**Data below**
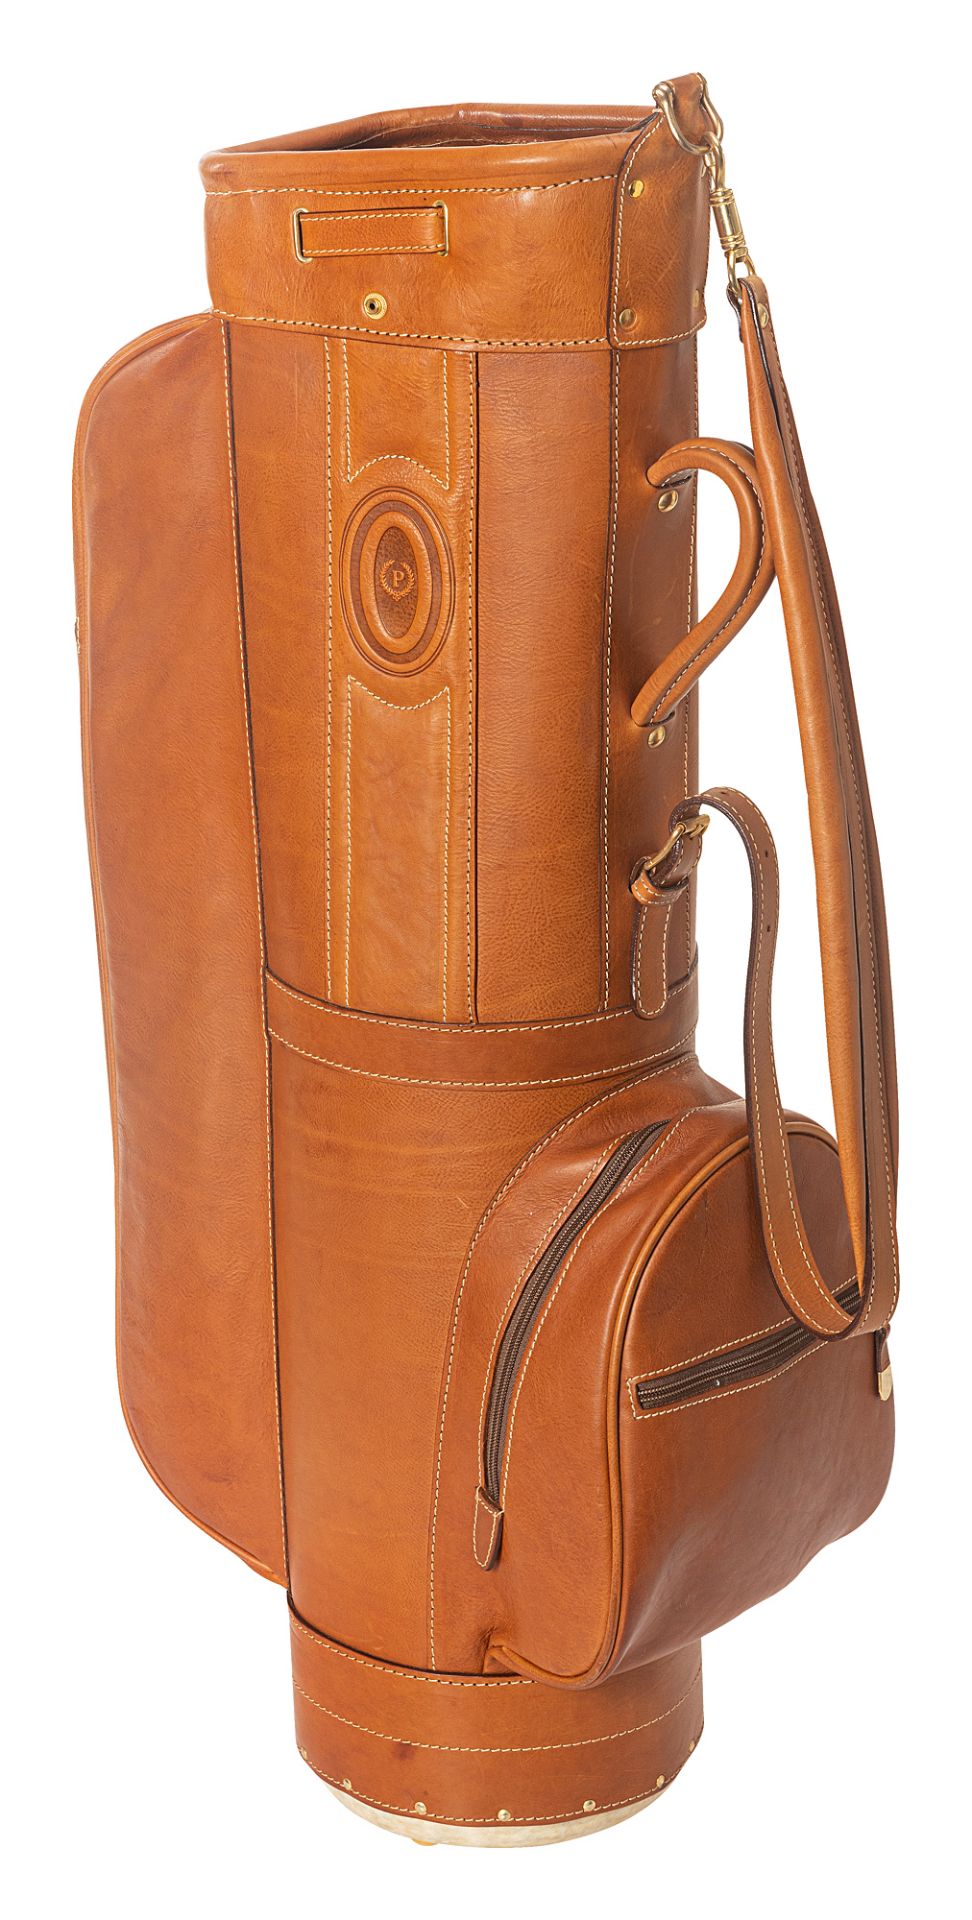 Pollini vintage leather golf bag - Image 2 of 4
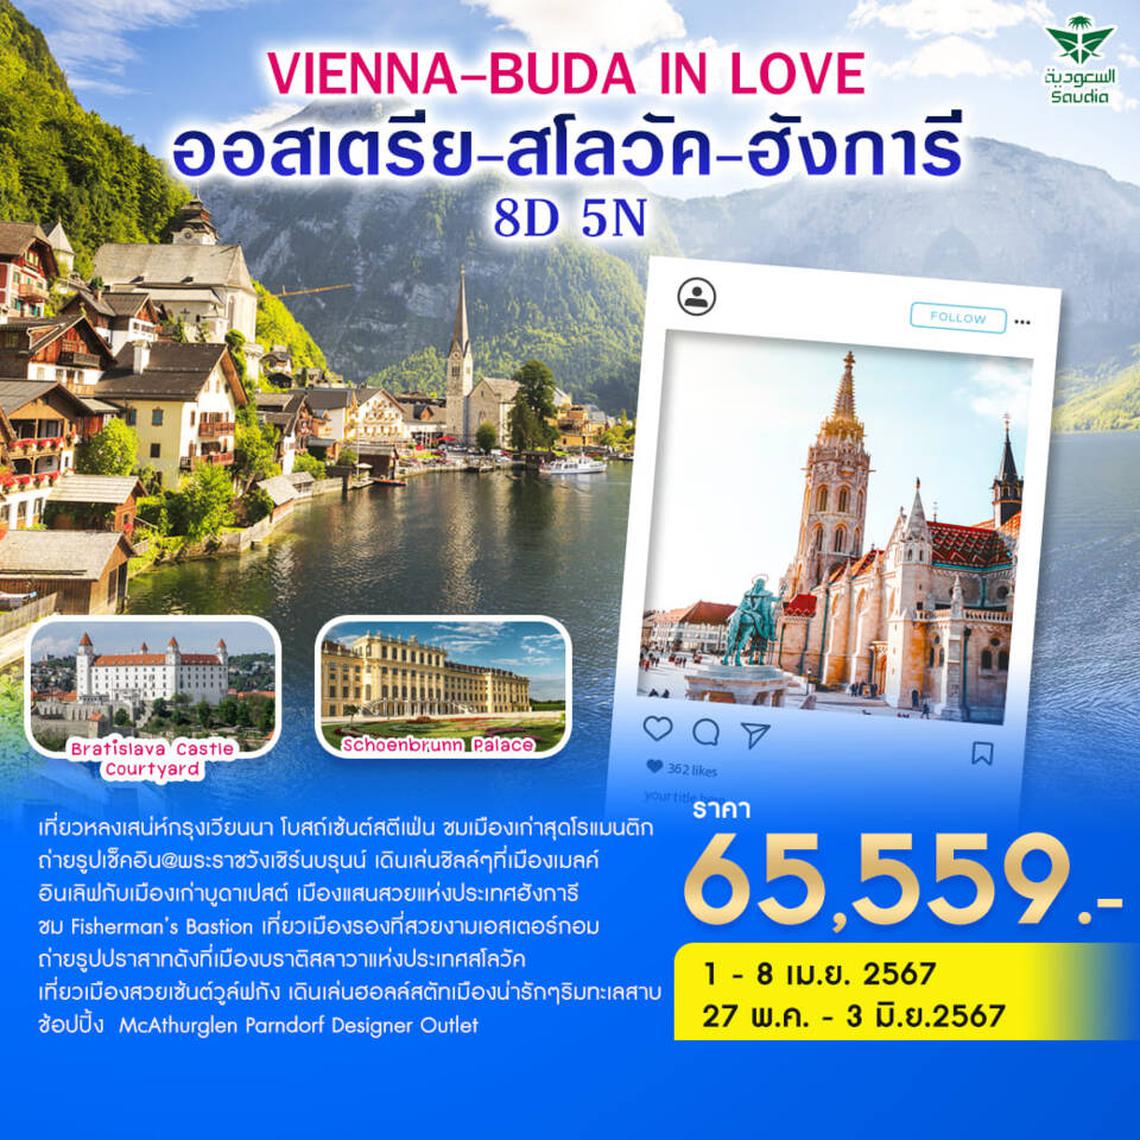 VIEBUDA-SV VIENNA-BUDA IN LOVE 8D5N BY SV
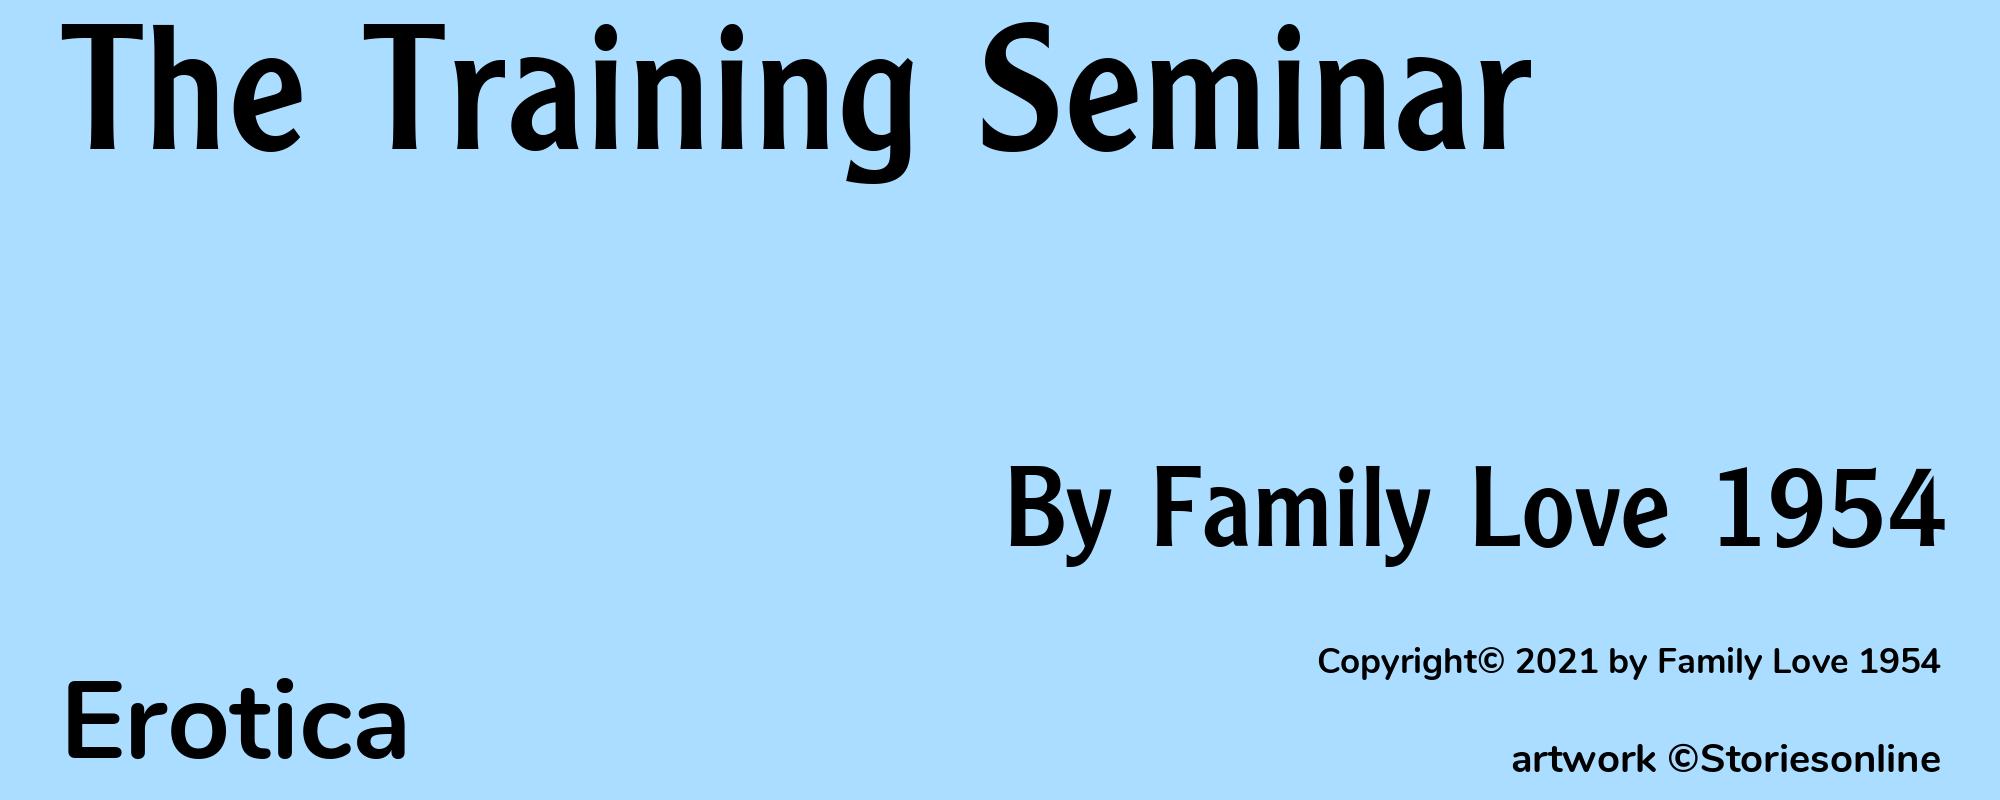 The Training Seminar - Cover

**What to produce**
Would you retype the material exactly, omitting each picture?

**Problem solution**
 Pollini vintage leather golf bag - Image 2 of 4
 VIEBUDA-SV VIENNA-BUDA IN LOVE 8D5N BY SV
 The Training Seminar - Cover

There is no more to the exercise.